Drivers of AEC Investment
The reasons McKinsey cites behind all this investment includes:
- Public infrastructure investment. Yes, governments are going to spend more and encourage next generation infrastructure. But they’re not requiring digital anything for building such infrastructure. Even the requirement to prove legal rights to work can be on paper.
- Decarbonization. Largely incentivized through tax breaks, but without a carbon tax treaty across national borders, it’s hard to believe this moves the dial.
- Labor shortages must be addressed. True, but as long as the industry can quietly hire the undocumented without meaningful consequences, no big changes are being made. Not to mention a construction management generation that actively resists digital methods. Architects and Engineers are more willing to join the 21st century.
- Regulation. McKinsey seems to be aware that the Covid pandemic did force more digital adoption. But they left off the part where digital was discarded just as soon as regulations were relaxed. At least for public projects, requirements for legal work documentation might be a more lasting incentive. (UK Building Safety act, Sweden ID06 law, etc.)
- Interoperability among software. While some AEC software vendors appreciate that data sharing grows the market for everyone’s benefit, they are a minority. Most of the bigger firms have no interest in integration, open APIs or interoperability. We’ve seen the same dynamic in healthcare, where the US government has had to force the market to adopt data standards and sharing.
- Proptech interoperability (like digital twins). Not surprisingly, the sexy VR/AR/AI technologies get a big mention, but as a method of blurring categories. Did McKinsey combine proptech with AEC to make the investment numbers bigger?
Friction on Digital Adoption
Some usual factors are mentioned delaying adoption.
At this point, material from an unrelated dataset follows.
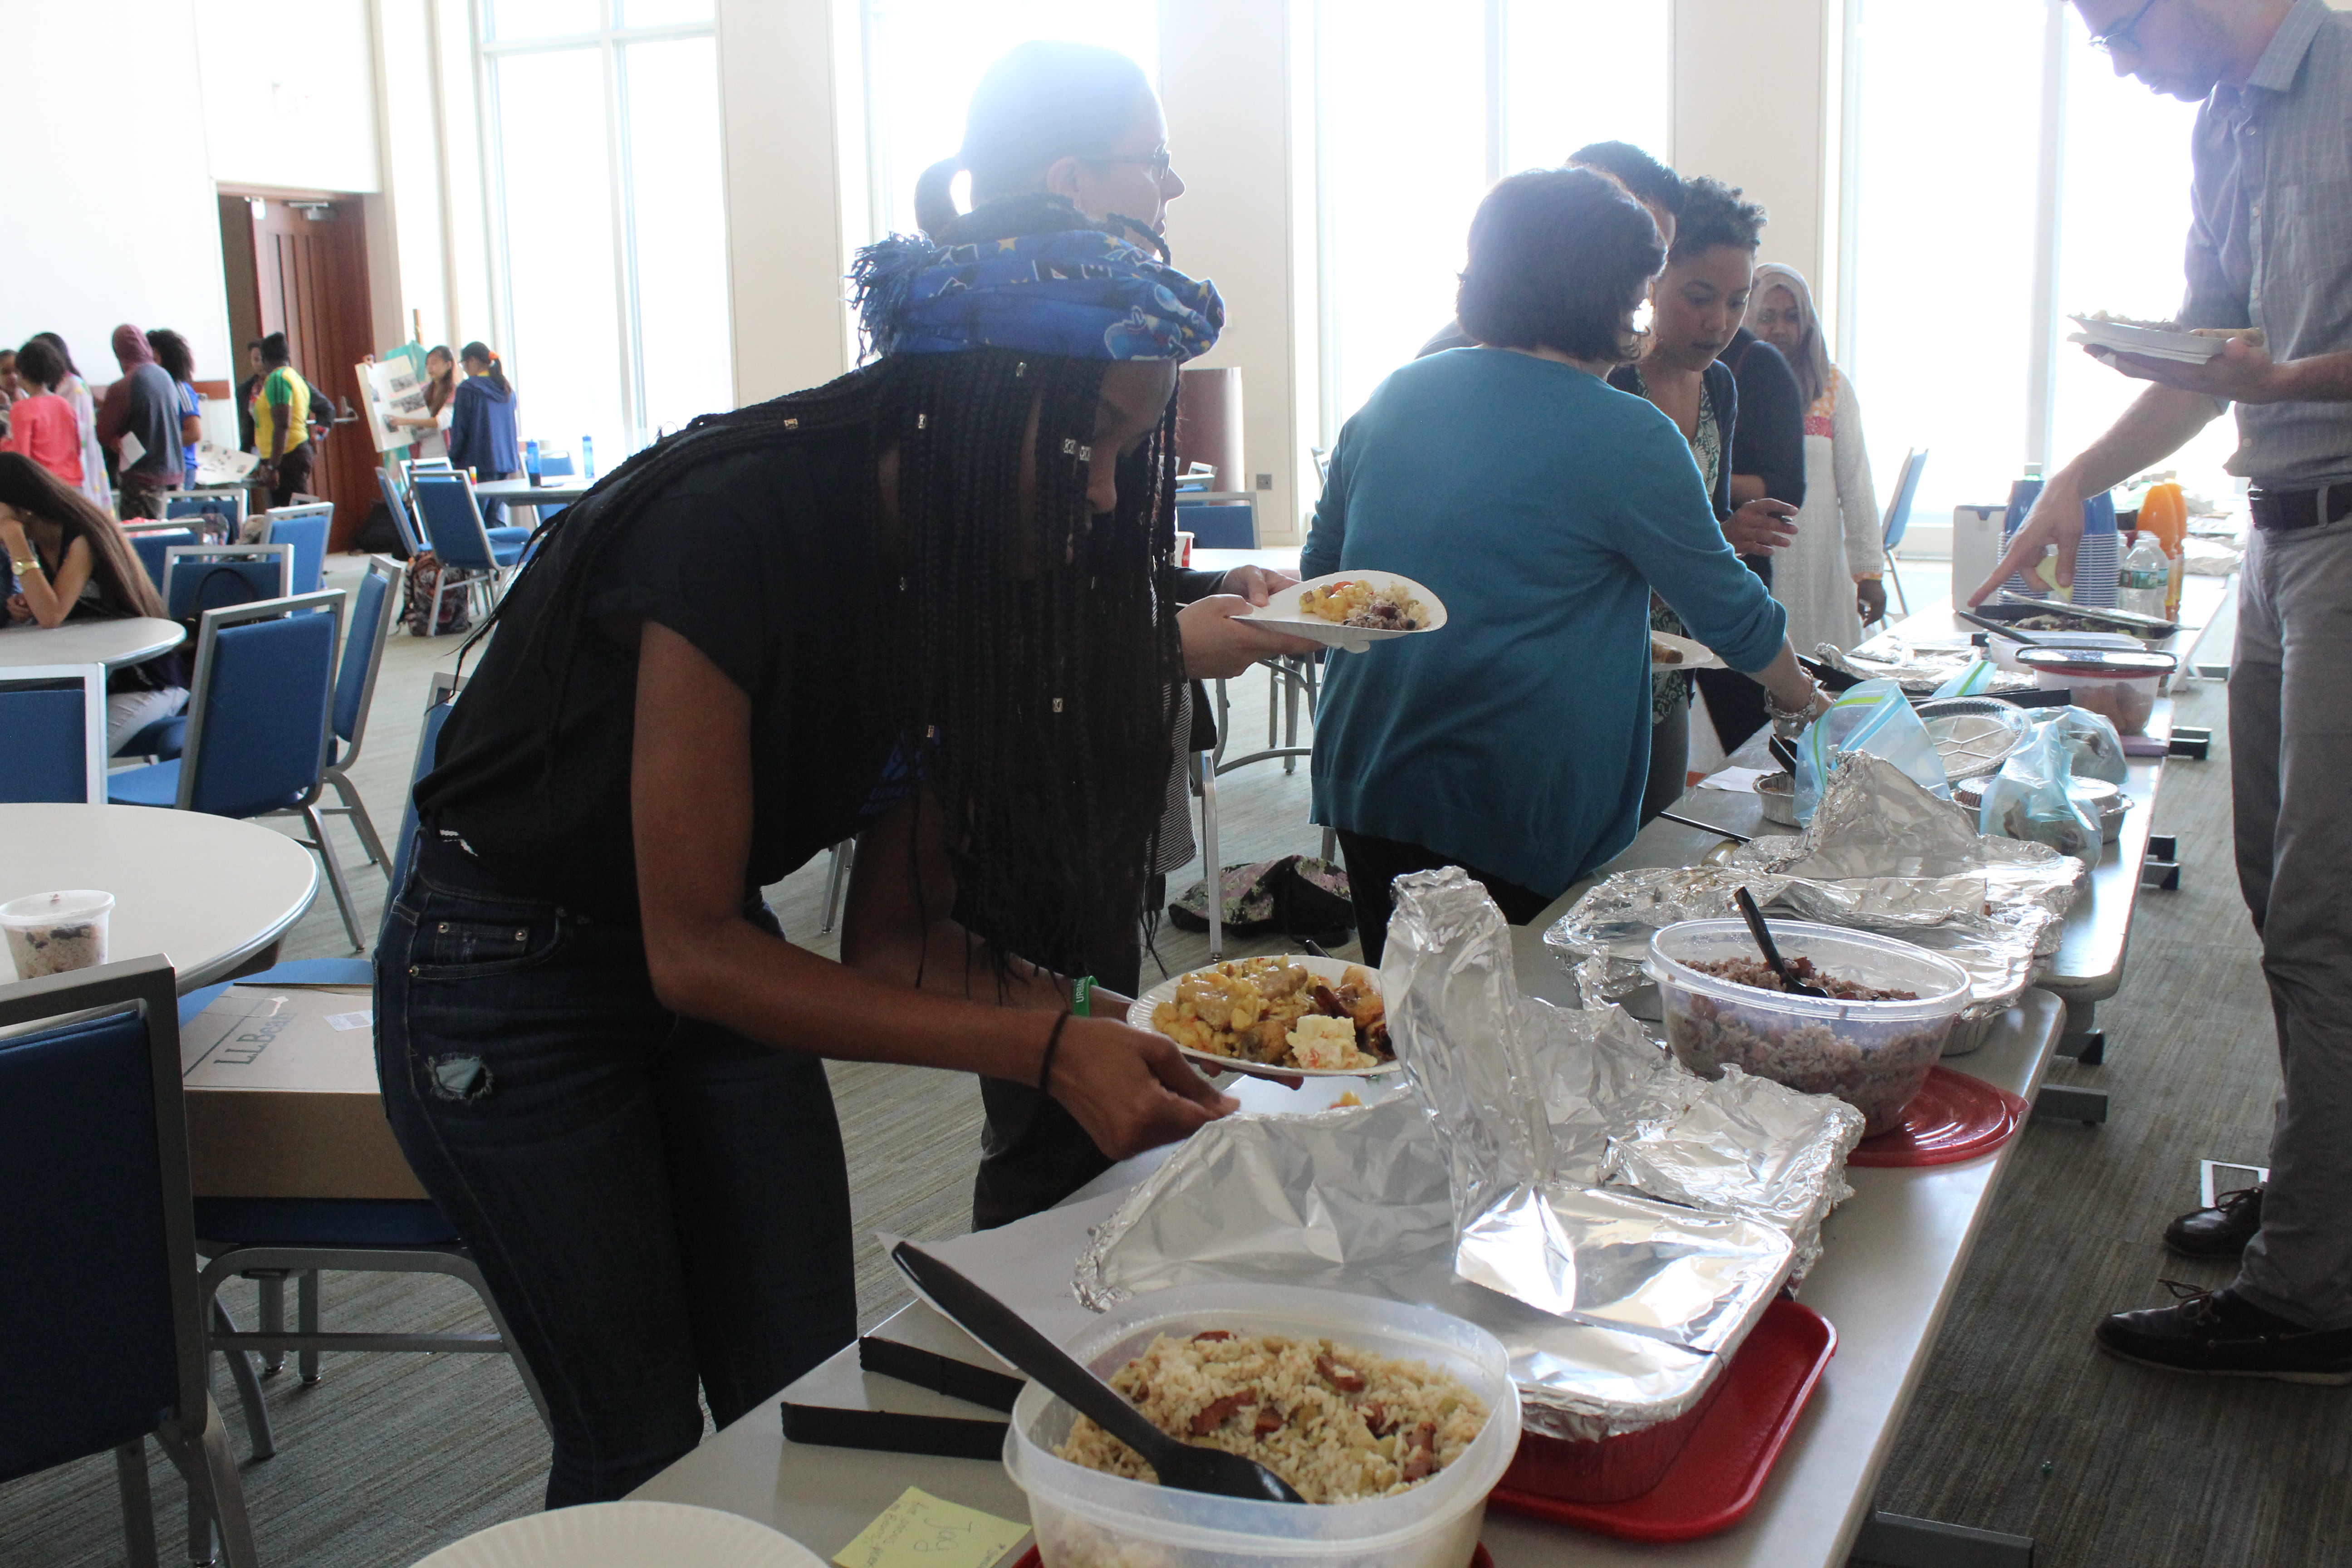 Trying out a variety of food was the best part of the Cultural Day!

- Fragmentation. Too many cooks, GC’s, subs, contractors, stakeholders, etc.
- Multiple buyers within each firm. Nobody knows who’s on first, or the guy on first is playing a different game from the guy on second.
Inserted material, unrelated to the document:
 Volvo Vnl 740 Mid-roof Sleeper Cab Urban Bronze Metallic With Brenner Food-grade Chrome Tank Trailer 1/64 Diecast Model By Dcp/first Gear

- Low margins, encouraged by project owners, with justification given the quality and safety record of the industry.
- Low IT spend (1-2% of $R)
- Buying for projects vs enterprises
What they leave out are what, in my opinion, are much bigger obstacles:
- The cultural aversion to digital technology in field operations.
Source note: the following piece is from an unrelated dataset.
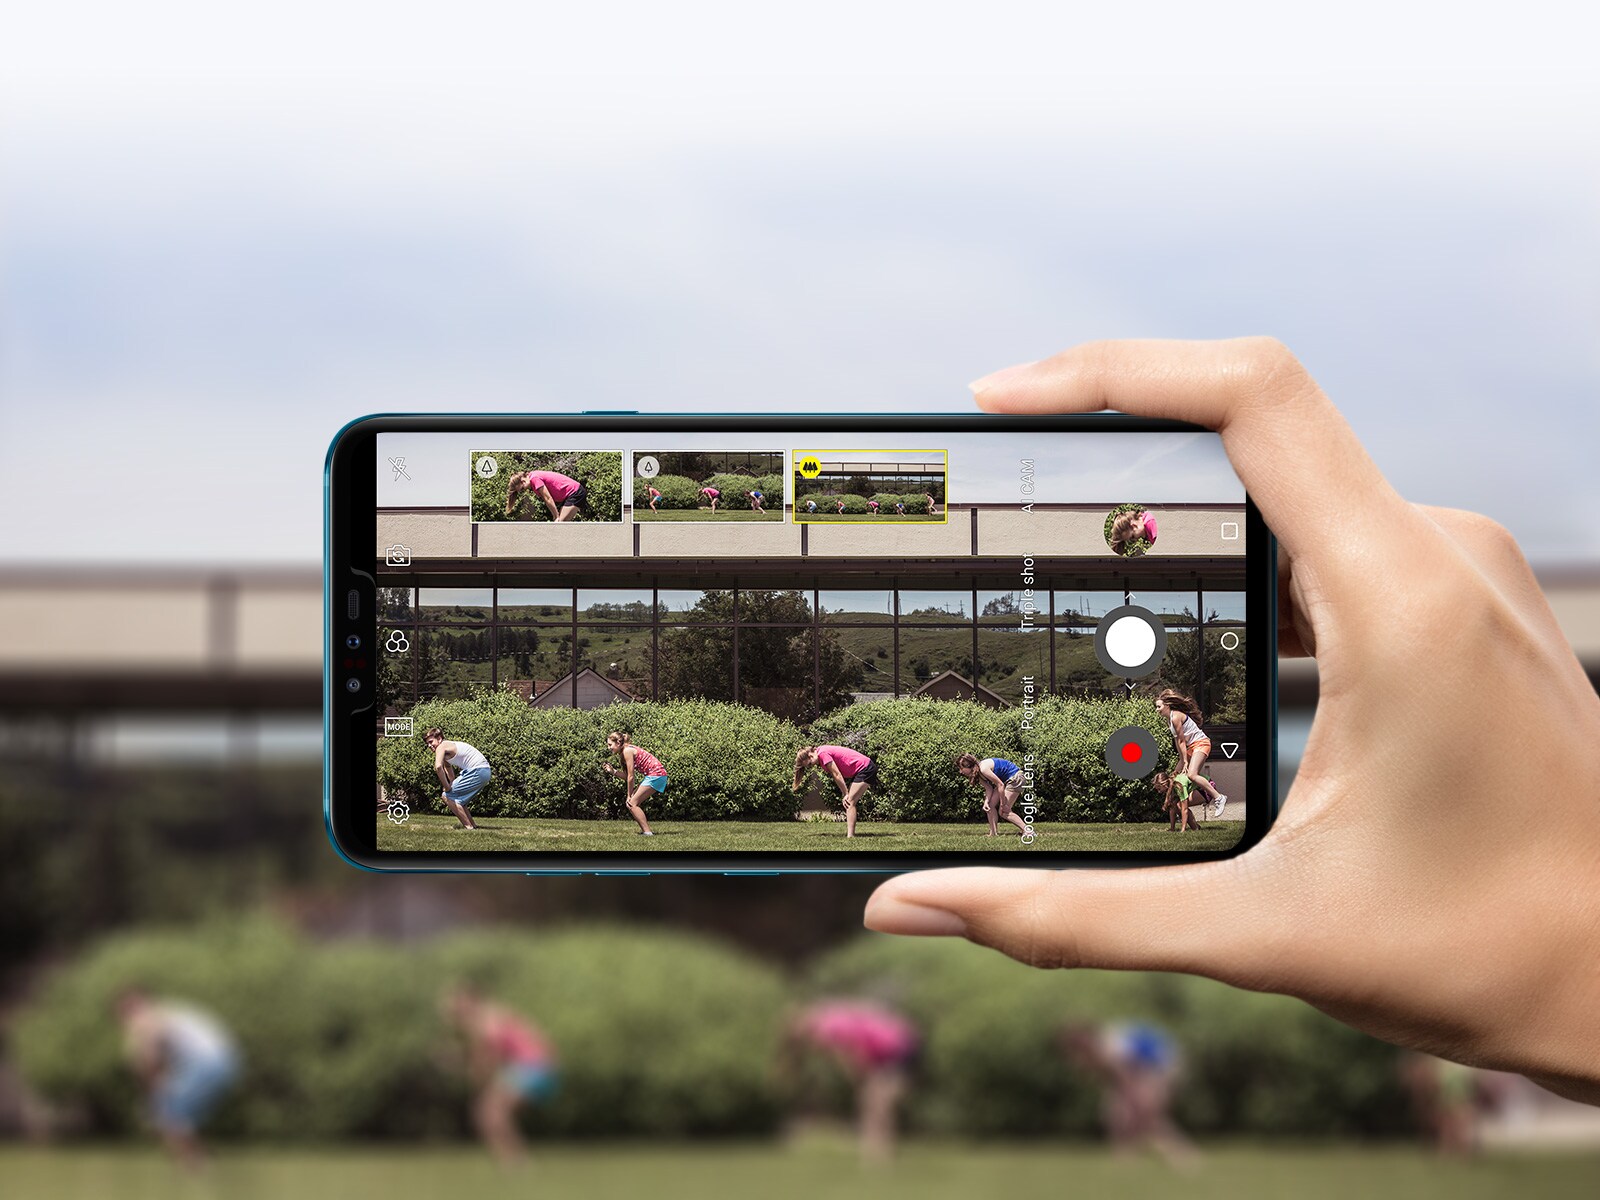 Camera features offered by LG® mobile

- Too much family ownership of small poorly managed firms.
- A lack of competition at the local level.
- A reliance on poorly paid undocumented workers.
- A reflexive resistance to all regulation of all types.
Then a Whole Lot of Useless Advice
McKinsey seems to have scraped all the startup enthusiasm sites for its recommendations to vendors, none of which are unique to AEC:
- Have a bold world changing vision (BHAG anyone?)
- Achieve great product/market fit (never heard that before)
- Supercharge the sales team (whatever that means)
- Have a scalable revenue model (got it)
- Create innovative “routes to market” (what, Facebook?)
- Value net retention and customer success (never heard that before)
- SaaS metrics help (really?)
- Optimize marketing and sales spend (good idea!)
- Optimize pricing and track impact (I wish I had an MBA…)
- Lean on data for process improvement (well, I am selling software and data, so OK)
- “Strengthen the business-building muscle” (huh?)
No Conclusions Worth a Damn
If McKinsey really claims to be able to guide the world to a better future, they proved the opposite here. In this paper, they avoid all the real difficult problems with the AEC market that delay digital adoption. Instead, they suck up to the VC and M&A community who funded the last bubble of solutions. The startup leaders just need to try harder. There’s not a single recommendation worth reading here.